Efficient hollow cubic Co9S8@defective ZnS/g-C3N4 for multi-pollutants removal via cascade Z-scheme heterojunction

Multi-pollutants environment coexisted organic and inorganic pollutants has become a common phenomenon, seriously affecting water biodiversity and human water security. Currently, the removal of organic and inorganic pollutants by photocatalysis are mostly in own single-pollutant environment, not in multi-pollutants system, where the common photocatalysts cannot achieve efficiently charge separate and transfer with low reactive oxygen species (ROS) efficiency. Herein, we constructed an efficient cascaded Z-scheme heterojunction Co 9 S 8 @defective ZnS/g-C 3 N 4 (C@DZ/N) composed of defective engineering in hollow nanocubes, which achieved excellent photodegradation activity (98.93% for ciprofloxacin (CIP) and 97.18% for Cr(VI) at 90 min) in multi-pollutants environment, significantly higher than the hollow cubic with Z-scheme heterojunction in single-pollutant environment (98.07% for CIP and 98.72% for Cr(VI) at 140 min). Defective ZnS acts as the core for direct charge transfer and separation to form a unique cascaded Z-scheme heterojunction system that blocks the type II charge transfer pathway to achieve ultra-efficient charge transfer. Furthermore, the structural characterization and ROS experimental results based on multi-pollutants models show that the cascade Z-scheme system greatly facilitates the ROS release kinetics and further leads to more electron-deficient cubic surfaces while increase the directional conversion to singlet oxygen ( 1 O 2 ) in multi-pollutants environment.
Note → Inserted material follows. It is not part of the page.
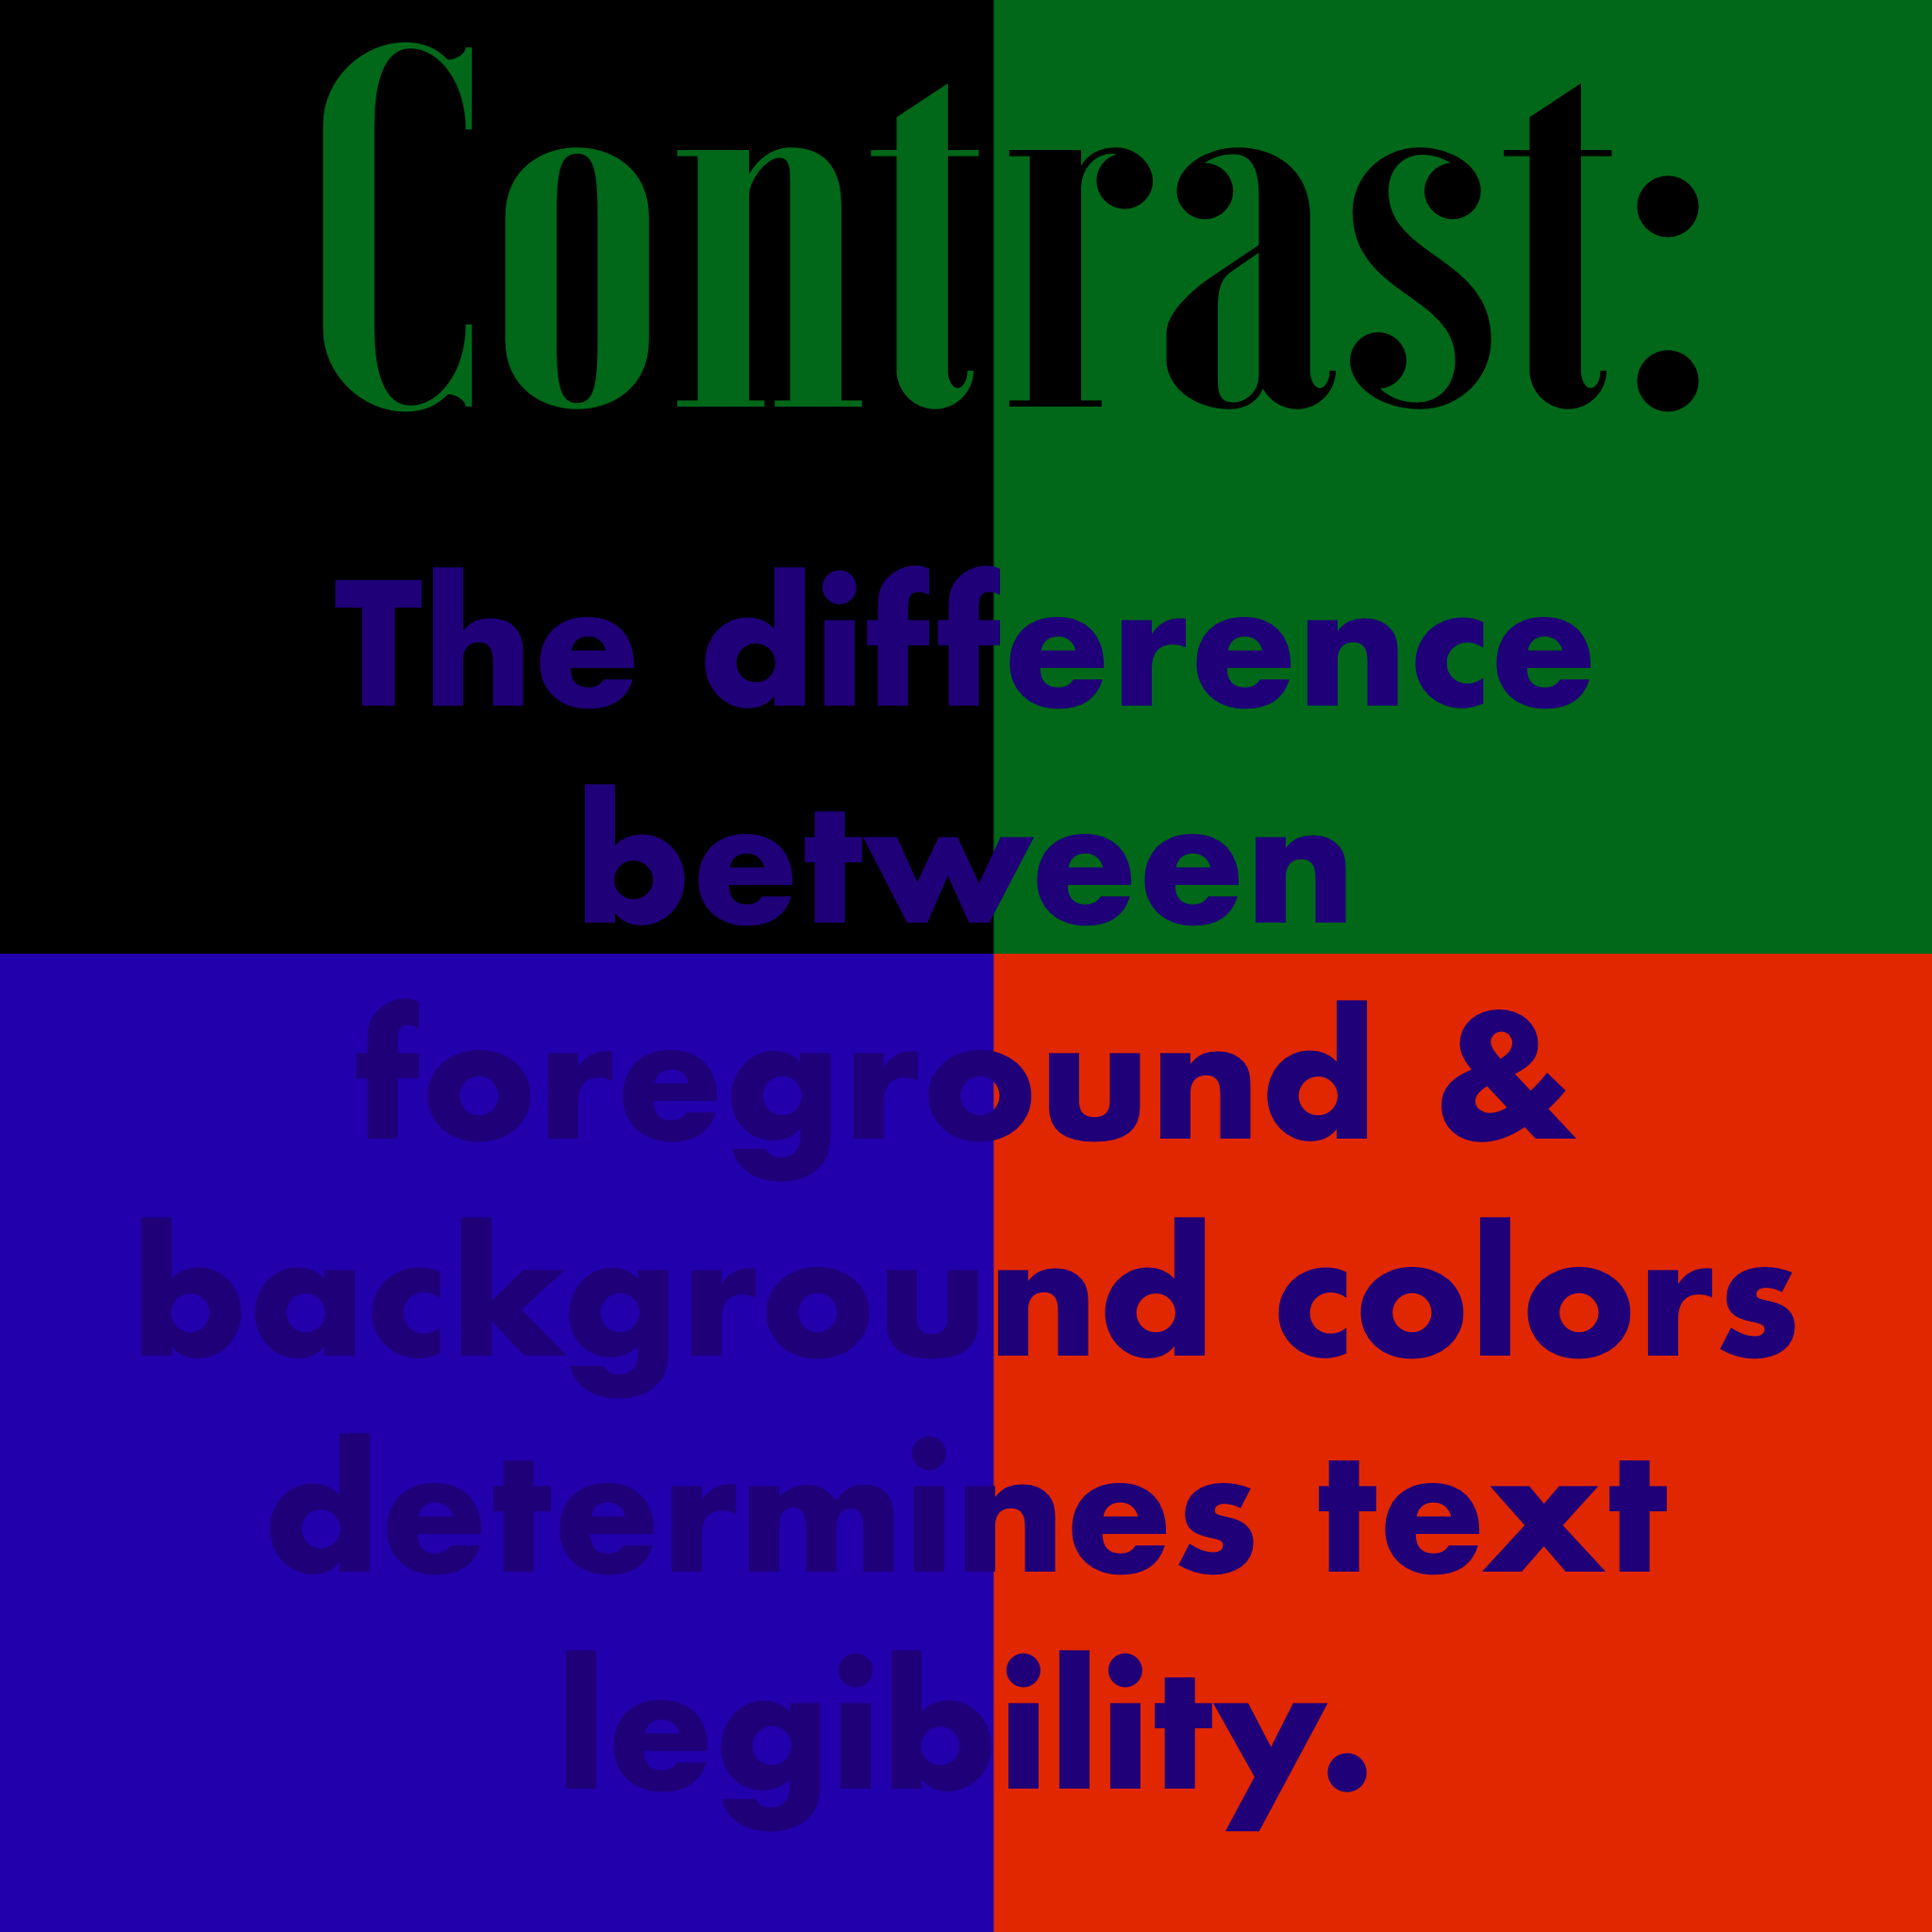 Example of different colored text on different colored backgrounds.

Further tests of intermediates and reusability indicated its potential for the high-efficient treatment of multiple pollution systems. • A cascade Z-scheme heterojunction coupled defect engneering was prepared. • C@DZ/N was capable of degrading organic and inorganic pollutants. • Effective carrier separation through inhibiting type II heterojunction pathways. • The defective ZnS acts as energy platforms and interfacial “bridges”. • Photocatalytic CIP degradation was accelerated in multi-pollutants system.